====== INFORMATION PROVIDED
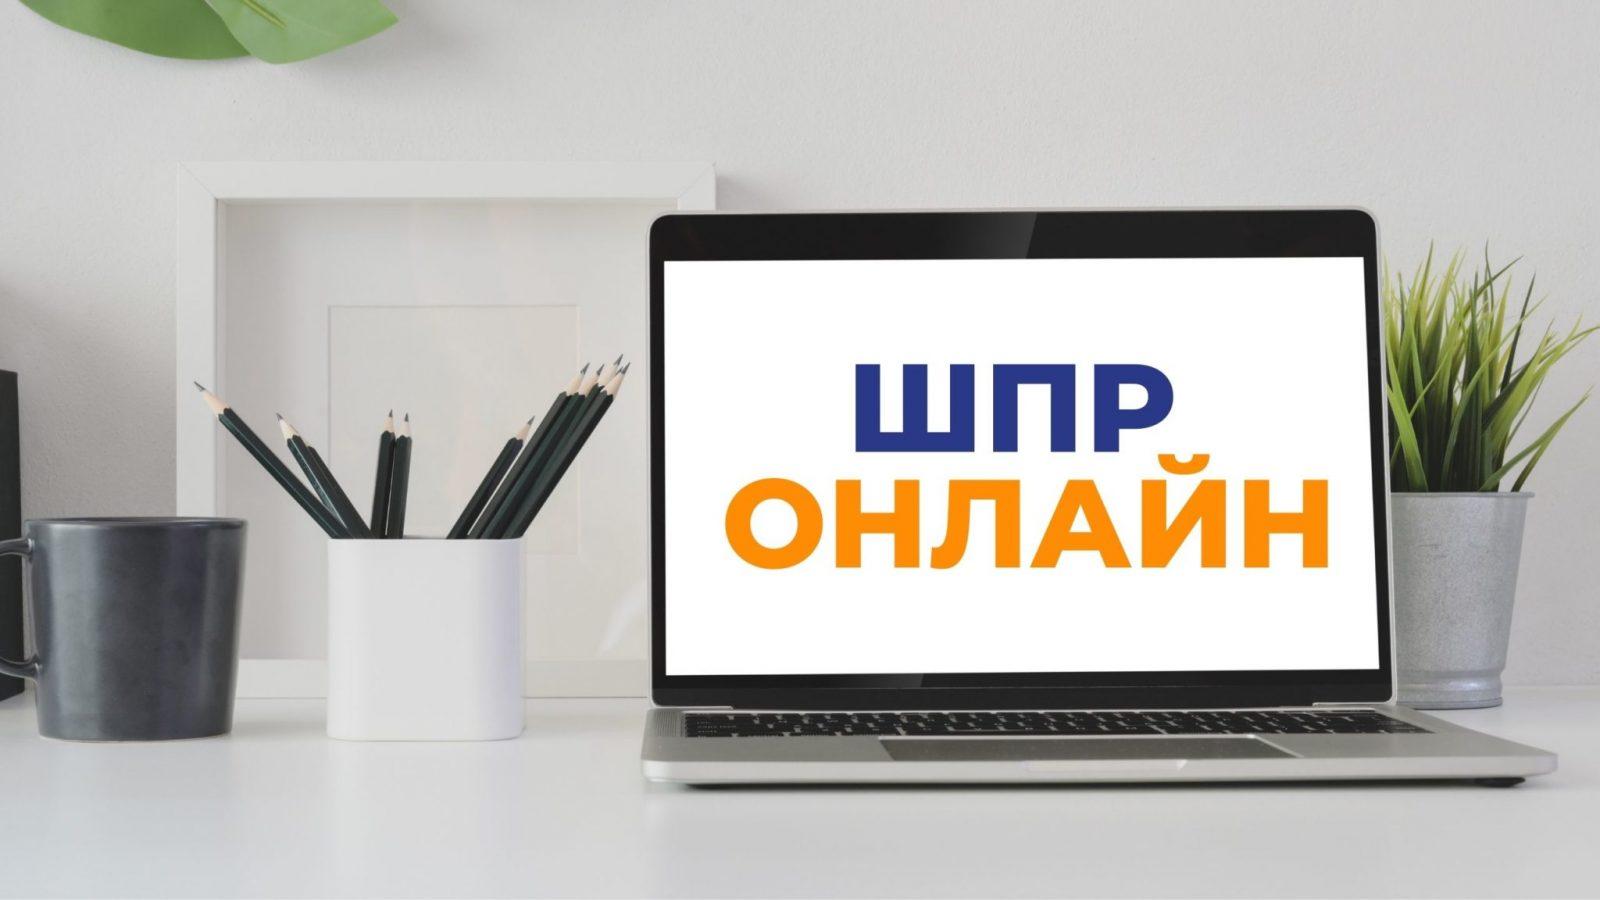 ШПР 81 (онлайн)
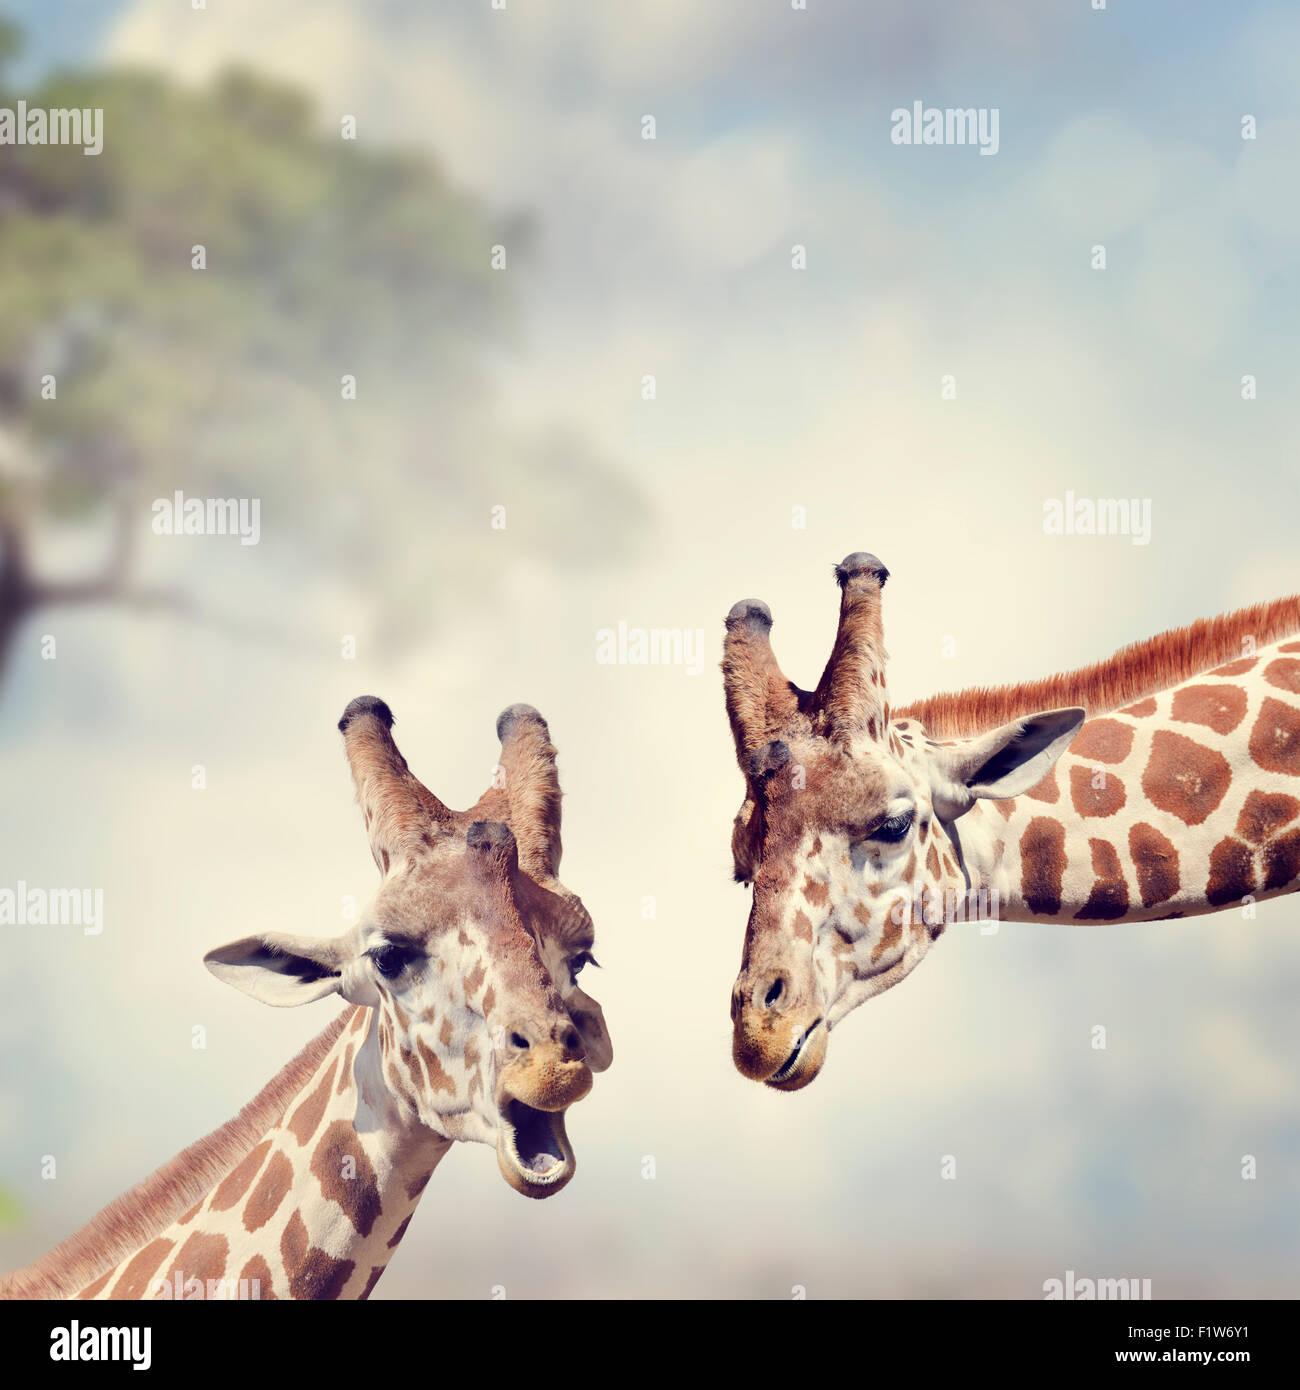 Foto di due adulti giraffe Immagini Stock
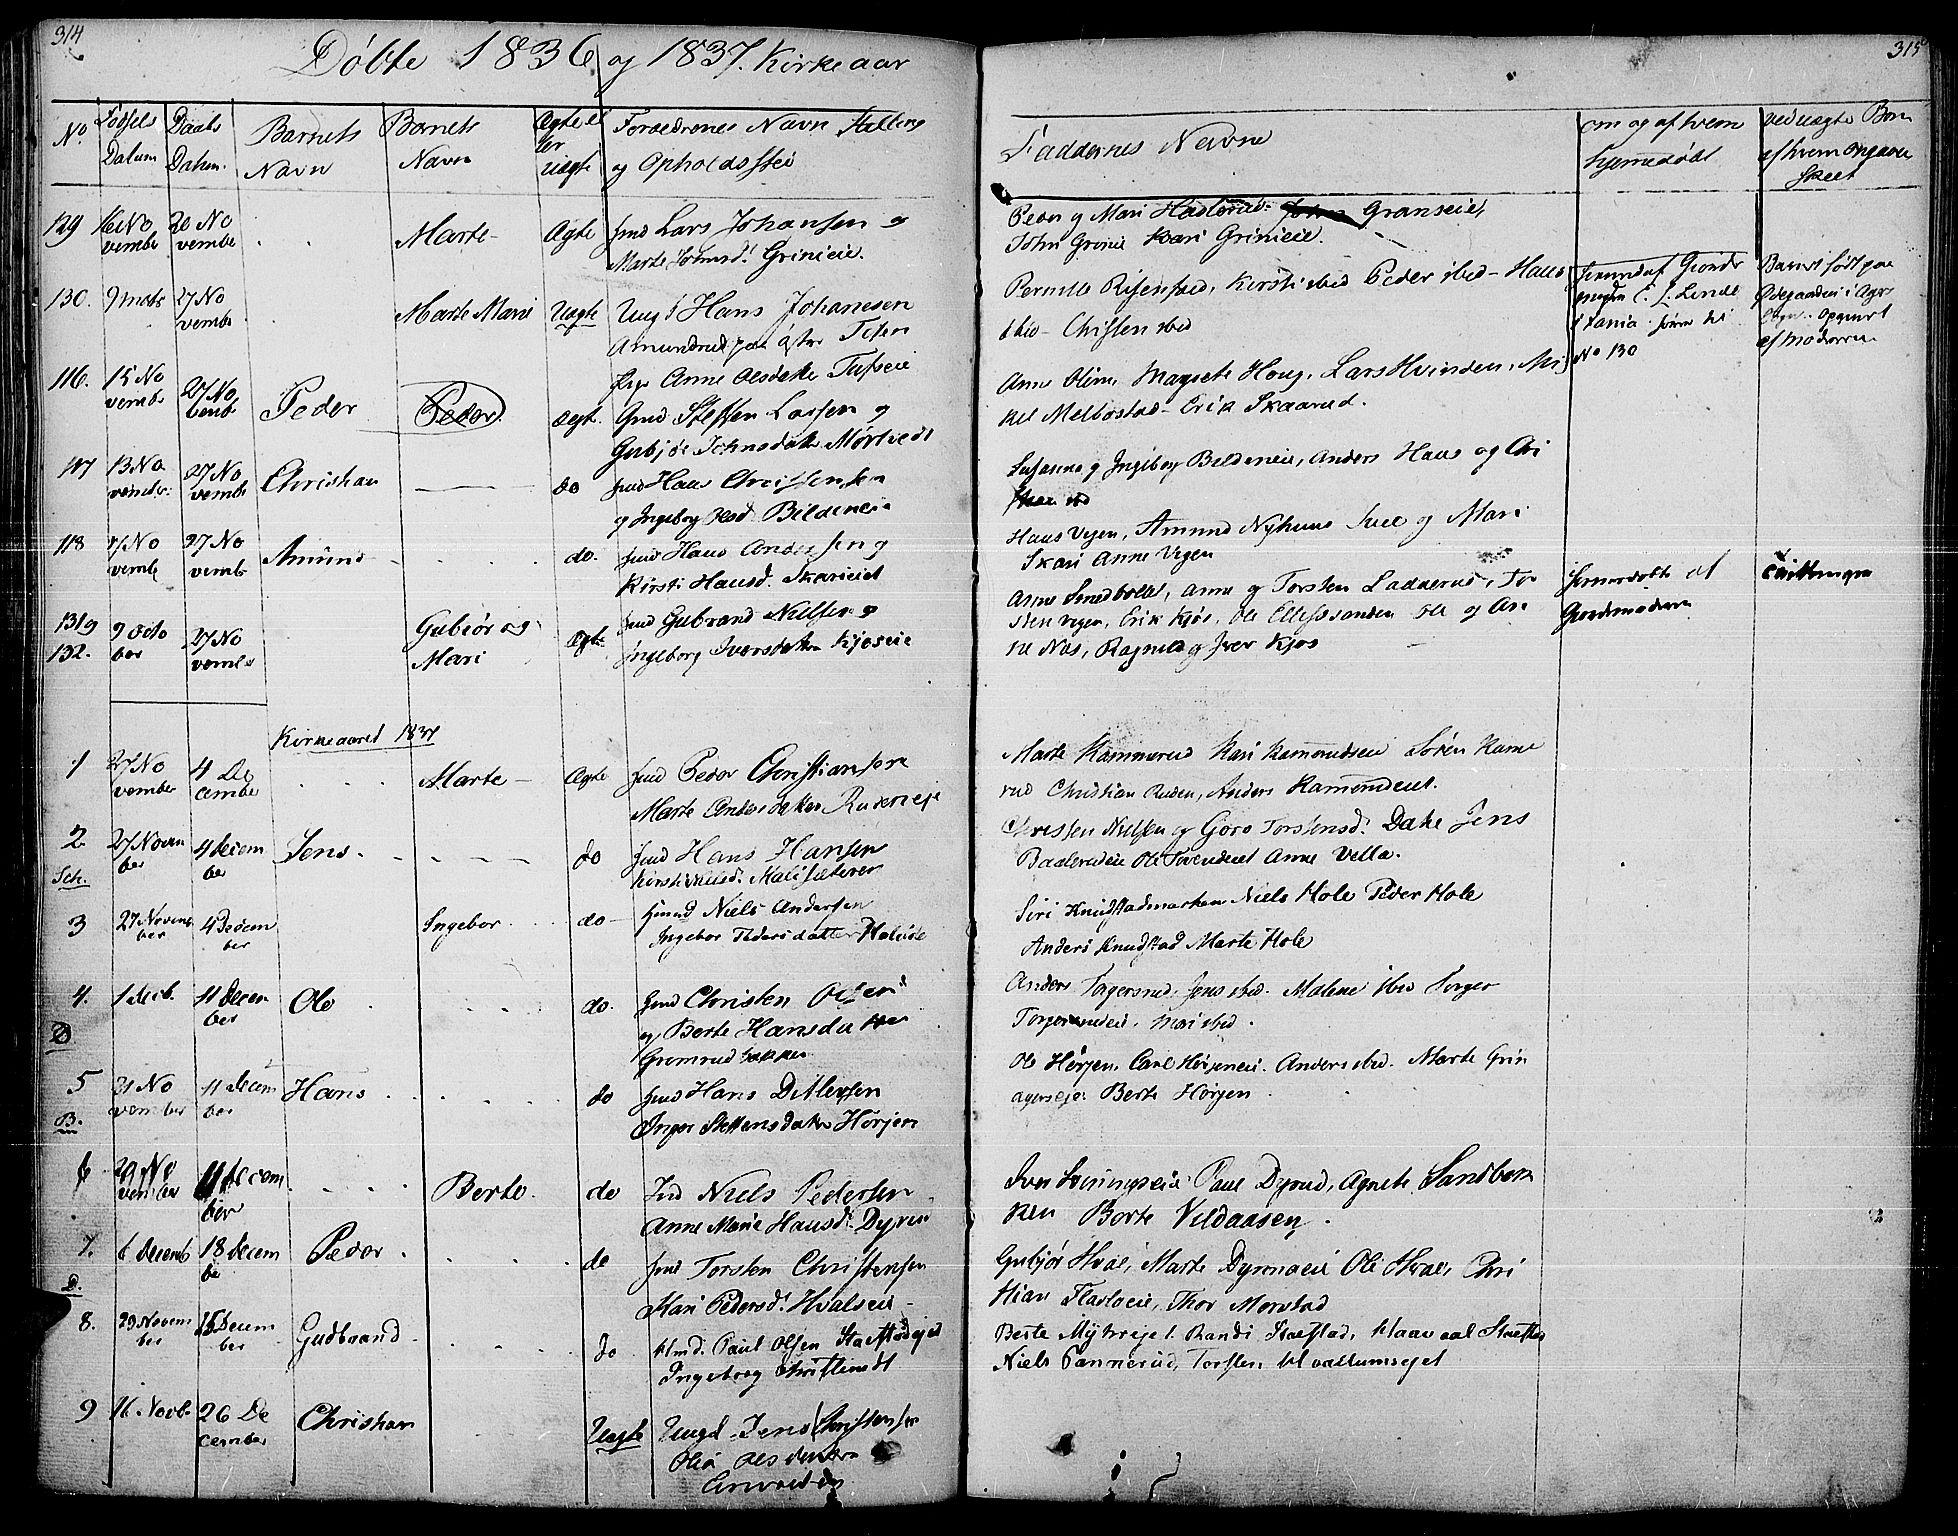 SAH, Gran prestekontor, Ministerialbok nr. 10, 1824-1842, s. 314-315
============
Every line of the data above should be repeated exactly. Omit the pictures.

 ШПР 81 (онлайн)
 Foto di due adulti giraffe Immagini Stock
 SAH, Gran prestekontor, Ministerialbok nr. 10, 1824-1842, s. 314-315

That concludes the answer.